Alongside the S&P 500, the Nasdaq 100 saw a 0.1% increase, while the Dow Jones Industrial Average gained 1%. The Russell 2000 index climbed by 2.1%. However, Tesla Inc. faced an 8.8% drop after revealing its Robotaxi concept, which lacked specific details. In contrast, ride-sharing companies Uber Technologies Inc. and Lyft Inc. both surged by over 9.5%.

Treasury bonds experienced modest movements, with shorter-term maturities showing stronger performance. A Bloomberg measure of US bonds reflected a fourth consecutive week of decline. The US dollar remained stable, wrapping up its second week of gains, as investors anticipated a slower rate of cuts by the Federal Reserve. Meanwhile, West Texas Intermediate oil prices settled below $76 per barrel.

Expectations for Economic Growth

As the Federal Reserve embarks on a rate-cutting cycle, David Lefkowitz from UBS Global Wealth Management pointed out that lower interest rates on credit cards and business loans could provide a boost to the economy. He anticipates that the third-quarter earnings results will align with the recent positive trends. Historical data suggests that when the Fed initiates rate cuts without recession, the S&P 500 typically sees an average increase of 17% in the following year, prompting Lefkowitz to maintain his price targets of 5,900 and 6,200 for December 2024 and June 2025, respectively.

Financial Sector Performance

Financial stocks have often been top performers during rate-cutting cycles that result in a “soft landing,” according to Apollo’s Torsten Slok. Analyzing total returns across sectors during past rate cut periods, Slok emphasized that financials typically excel.

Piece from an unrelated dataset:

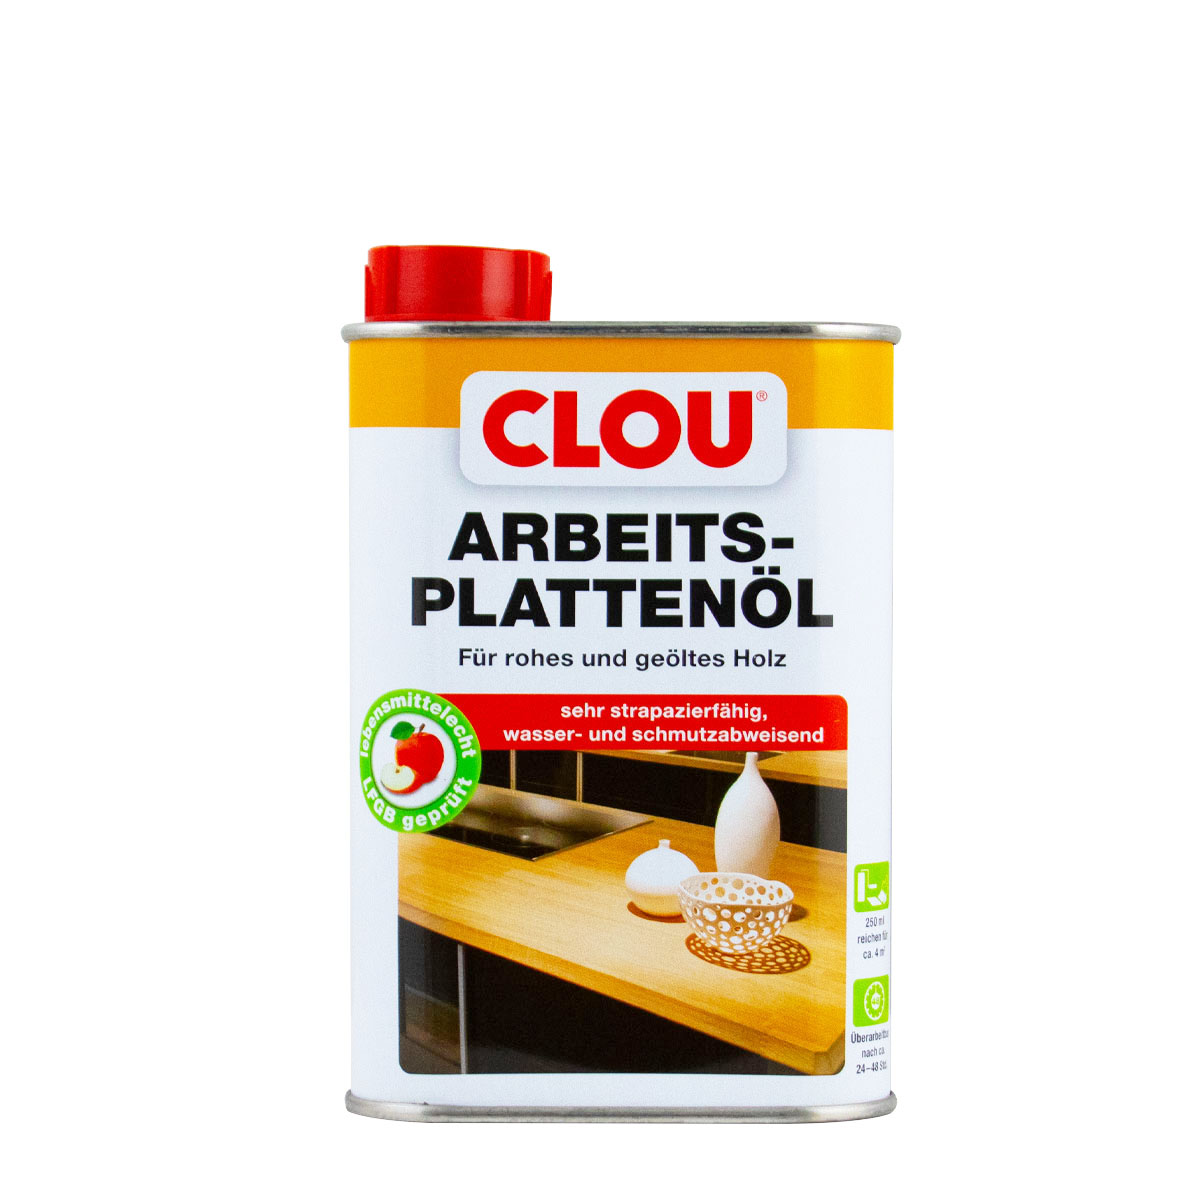 Clou Arbeitsplattenöl 250ml farblos, Küchenarbeitsplattenöl

Mixed Signals Ahead of Earnings Season

As the third-quarter earnings season approaches, a significant divergence has been observed, as highlighted by Gina Martin Adams, Michael Casper, and Wendy Soong at Bloomberg Intelligence. Analysts have been revising down their earnings expectations for S&P 500 companies, while management outlooks suggest a stronger performance ahead. This discrepancy is expected to lead to companies outperforming expectations.

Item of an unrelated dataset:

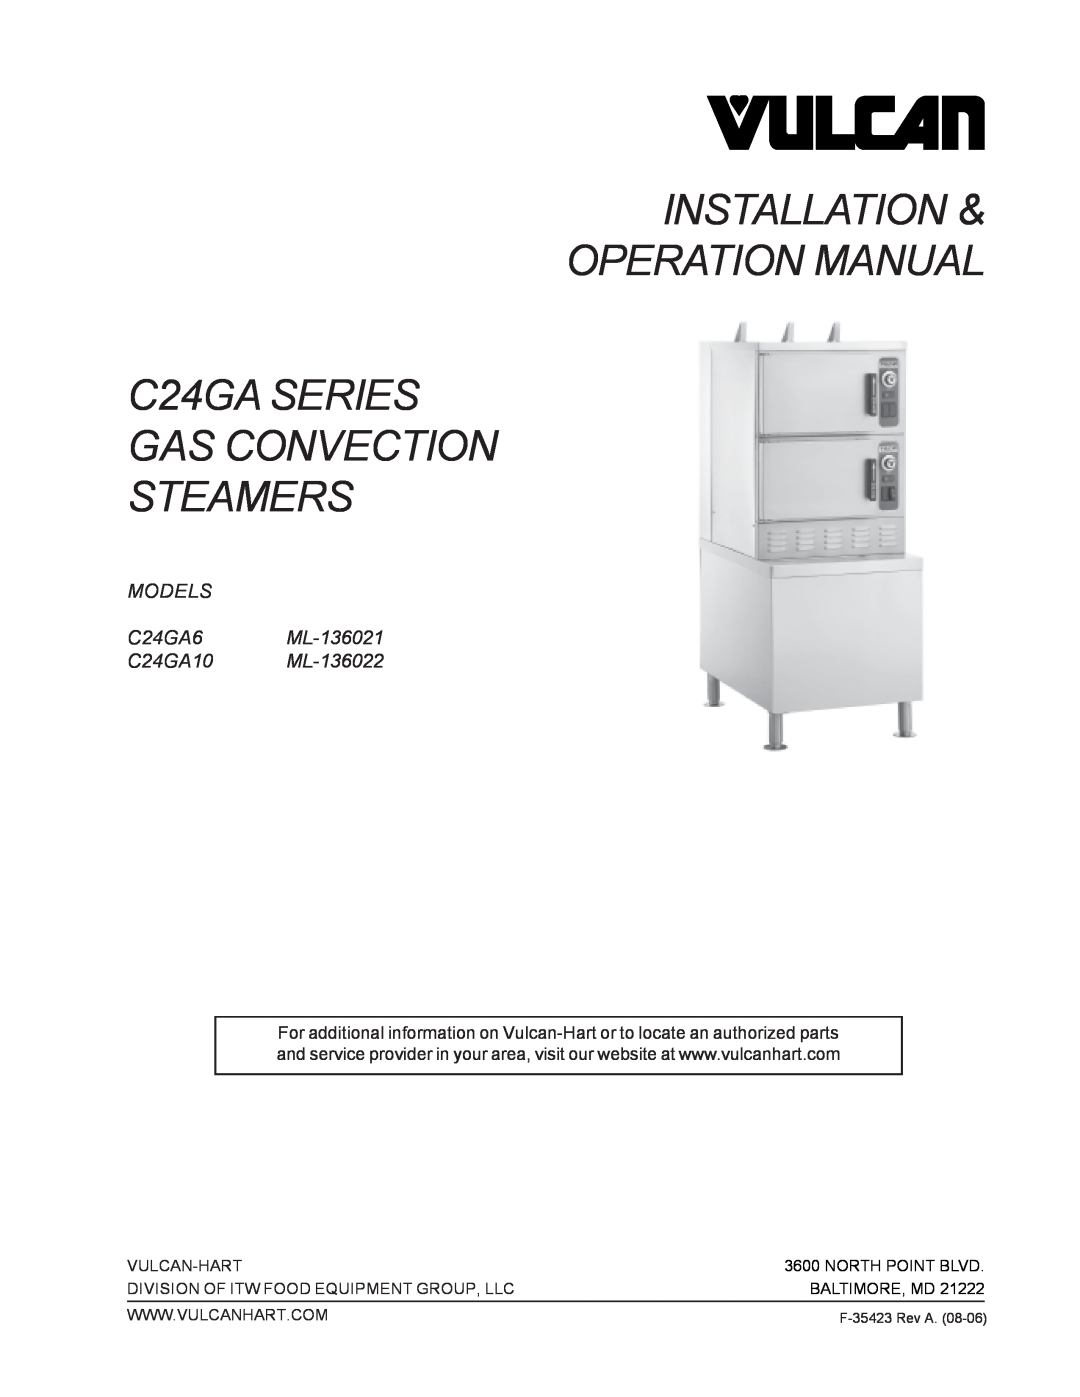 Vulcan-Hart operation manual Gas Convection Steamers, MODELS C24GA6 ML-136021 C24GA10 ML-136022, Vulcan-Hart

Forecasts for the S&P 500’s net income growth have declined to 4.2% for the third quarter from an earlier estimate of over 7% in mid-July, primarily due to the energy sector's weaker performance. However, this pessimistic outlook is not confined to energy alone, as forecasts for nearly all sectors, except communication services, have also diminished. Currently, 37% of S&P 500 companies are projected to report lower earnings per share compared to the same quarter last year, an increase from 26.6% in the previous quarter.